# <u>Multi Processors, their Memory organizations and</u> <u>Implementations by Intel & AMD</u>

<u>Abstract:</u> Multi-core processors represent a major evolution in computing technology and are becoming very popular today. Multi-core processors will eventually become the pervasive computing model because they offer performance and productivity benefits beyond the capabilities of today's single-core processors. This paper initially looks at the motivation and the advantages offered by multiprocessors over uni processors. We then look at the multiprocessors' memory organizations, cache coherence and its implementations by today's leading chip manufacturers Intel and AMD and how they deal with these problems.

# **Introduction:**

# **<u>1. Motivation and the need for Multiprocessors:</u>**

In today's digital world the demands of complex 3D simulations, streaming media files, added levels of security, more sophisticated user interfaces, larger databases, and more on-line users are beginning to exceed single-core processor capabilities.
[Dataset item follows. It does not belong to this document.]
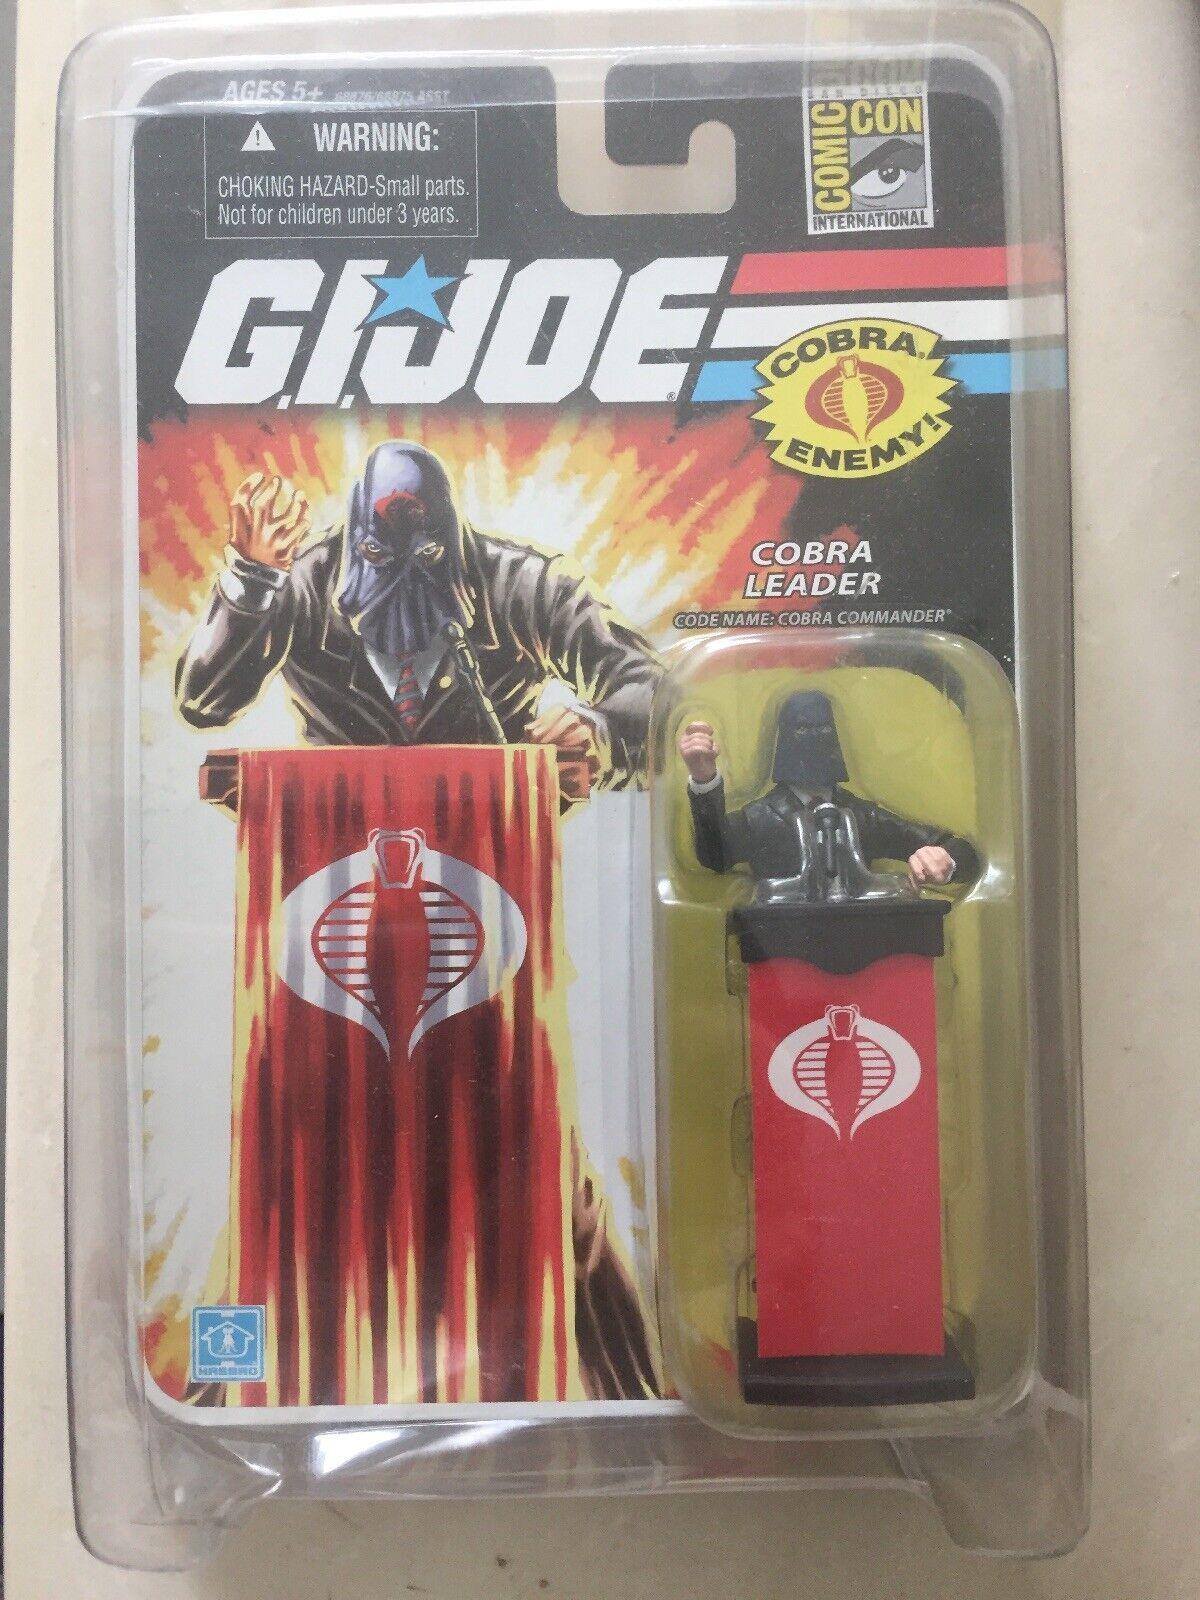 New Cobra Commander Leader G.I. Joe 25th Anniversary 2008 SDCC Convention Excl
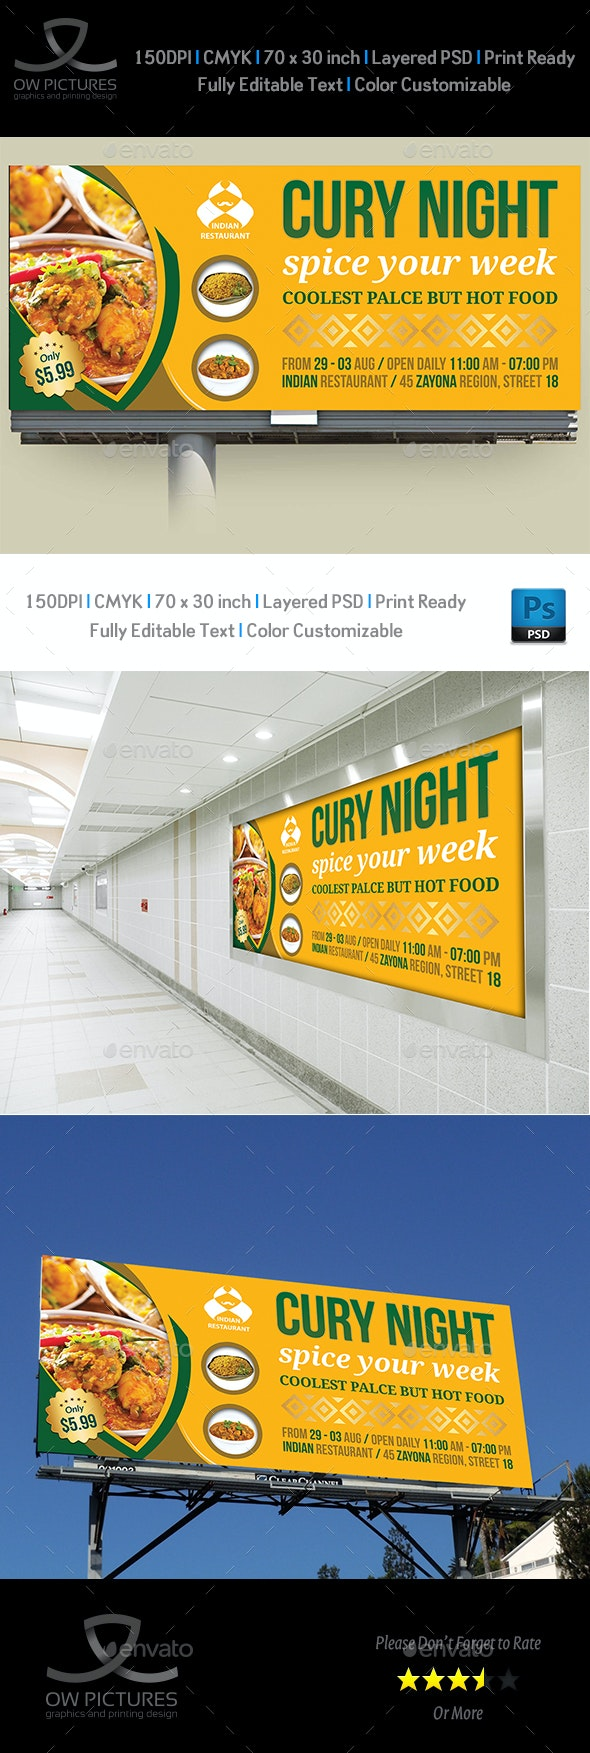 Indian Restaurant Billboard Template - Signage Print Templates

Multi-core processors enable true multitasking. On single-core systems, multitasking can max out CPU utilization, resulting in decreased performance as operations have to wait to be processed. On multi-core systems, since each core has its own cache, the operating system has sufficient resources to handle most compute intensive tasks in parallel.

In todays and future world, parallel processors will definitely have a bigger role. There are three reasons to this.

- 1) Since Microprocessors are likely to remain the dominant uniprocessor technology, the logical way to improve performance beyond a single processor is by connecting multiple microprocessors together.
- 2) The combination is likely to be more cost effective.
- 3) Exploitation of Instruction level parallelism.

Server and embedded applications exhibit natural parallelism that can be exploited.

# A Fundamental Theorem of Multi-Core Processors:

Multi-core processors take advantage of a fundamental relationship between power and frequency. By incorporating multiple cores, each core is able to run at a lower frequency, dividing among them the power normally given to a single core. The result is a big performance increase over a single core processor. The following illustration—based on lab experiments with commonly used workloads—illustrates this key advantage.



Figure 1 - Multi core performance compared to single core.

Multi-core technology can improve system efficiency and application performance for computers running multiple applications at the same time.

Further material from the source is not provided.